Nel cuore dell’area archeologica del Foro di Nerva, la Torre dei Conti era da secoli una sentinella di pietra. Costruita verso l’858 da Pietro dei Conti di Anagni sui resti del Tempio della Pace e ampliata nel 1203 da papa Innocenzo III per la nobile famiglia dei Conti di Segni, la torre medievale raggiungeva originariamente una altezza di cinquanta‑sessanta metri. Rivestita di travertino e arricchita da decorazioni, fu più volte mutilata dai terremoti del XIV e XVII secolo e venne rinforzata dai pontefici con due possenti contrafforti. Nel Cinquecento perse il rivestimento lapideo, riutilizzato per la costruzione di Porta Pia, e all’inizio del XX secolo fu isolata dal tessuto urbano durante gli sventramenti per via Cavour e via dei Fori Imperiali. Con i suoi 29 metri attuali, è uno dei pochi esempi di case‑torri sopravvissuti nel centro storico. Per decenni, la torre ha ospitato archivi e uffici; dal 2006, dopo lo sgombero dei locali, rimaneva inagibile e priva di manutenzione.

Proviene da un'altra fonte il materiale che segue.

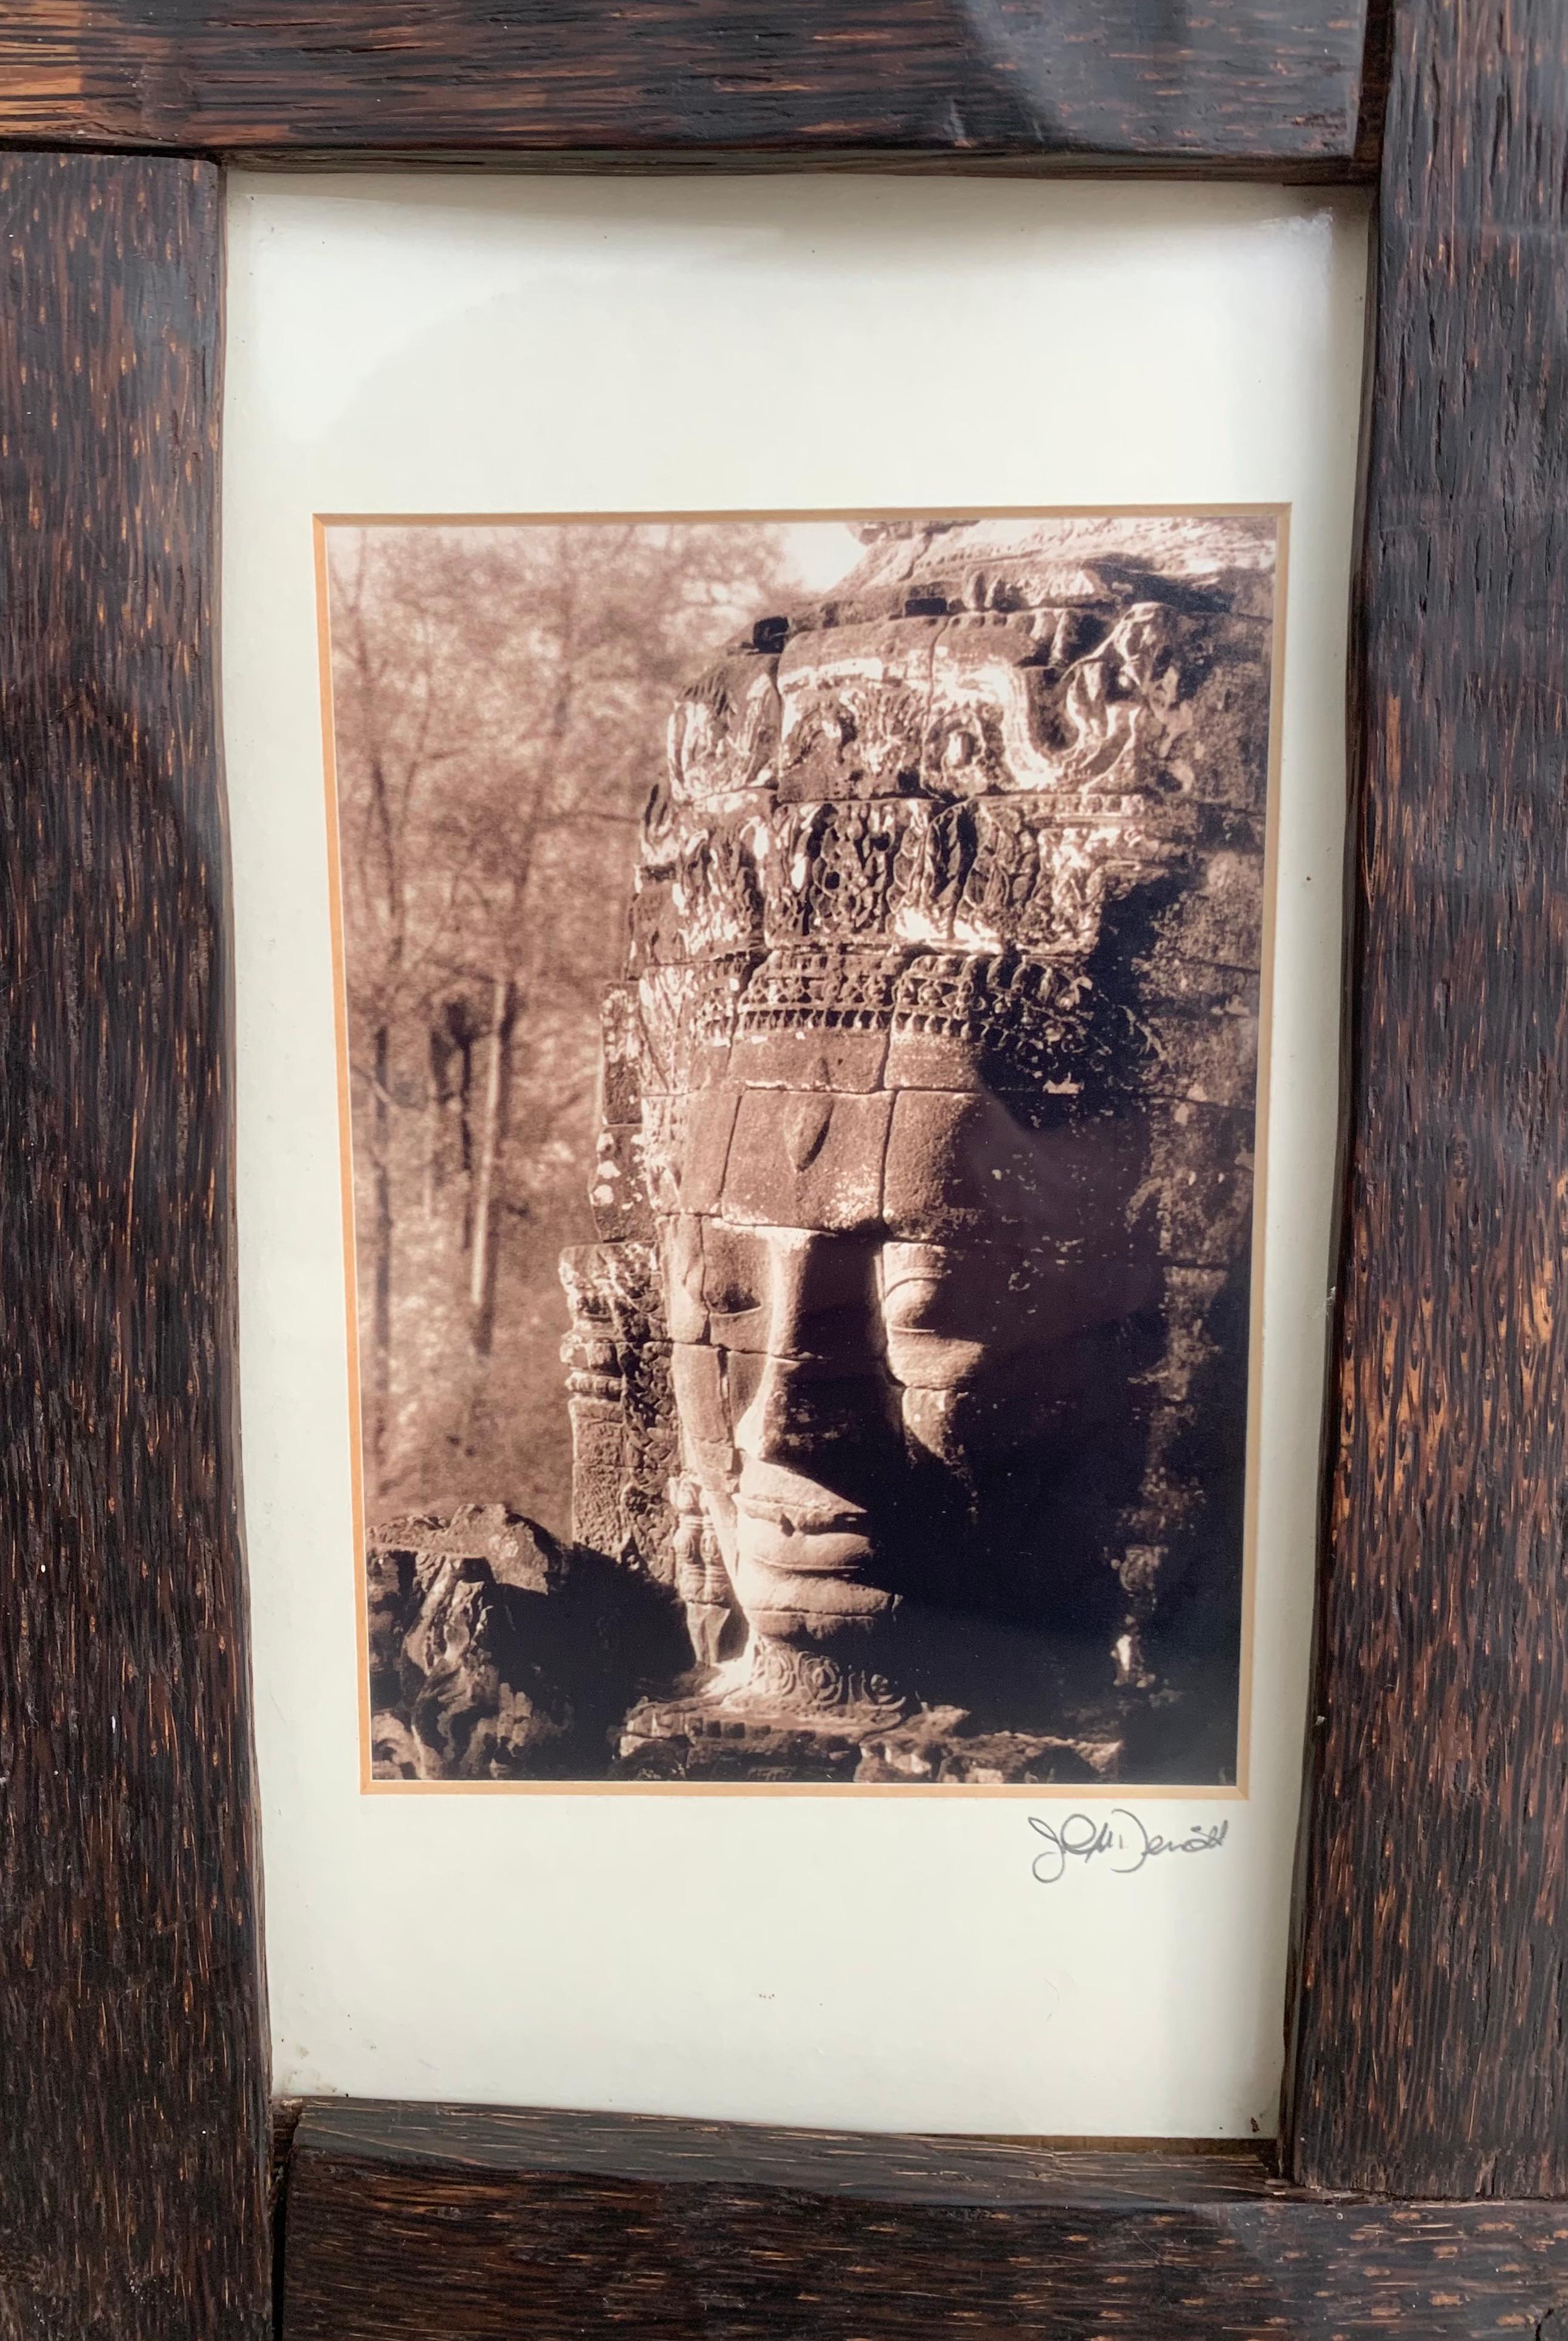 Ein Vintage-Foto aus Kambodscha, gerahmt in einem Rahmen aus Palmenholz und Glas.

Abmessungen: Höhe 38cm x Breite 27cm x Tiefe 0,05cm.
    

Il progetto di restauro finanziato dal PNRR
Negli ultimi anni la Torre dei Conti era al centro di un importante intervento di recupero inserito nel programma “Caput Mundi” del Piano Nazionale di Ripresa e Resilienza. Il progetto, del valore di circa 6,9 milioni di euro, prevedeva la messa in sicurezza strutturale, la sostituzione degli impianti, l’installazione di un nuovo ascensore, la realizzazione di spazi museali, una sala conferenze e un centro servizi per l’area archeologica. Il primo lotto di lavori, del valore di circa 400 mila euro, avviato nel giugno 2023, comprendeva la bonifica dall’amianto e altre opere propedeutiche. Prima di aprire il cantiere erano state eseguite prove di carico, carotaggi e controlli statici che avevano giudicato la struttura idonea a sopportare l’intervento. L’intera opera avrebbe dovuto concludersi entro il 30 giugno 2026.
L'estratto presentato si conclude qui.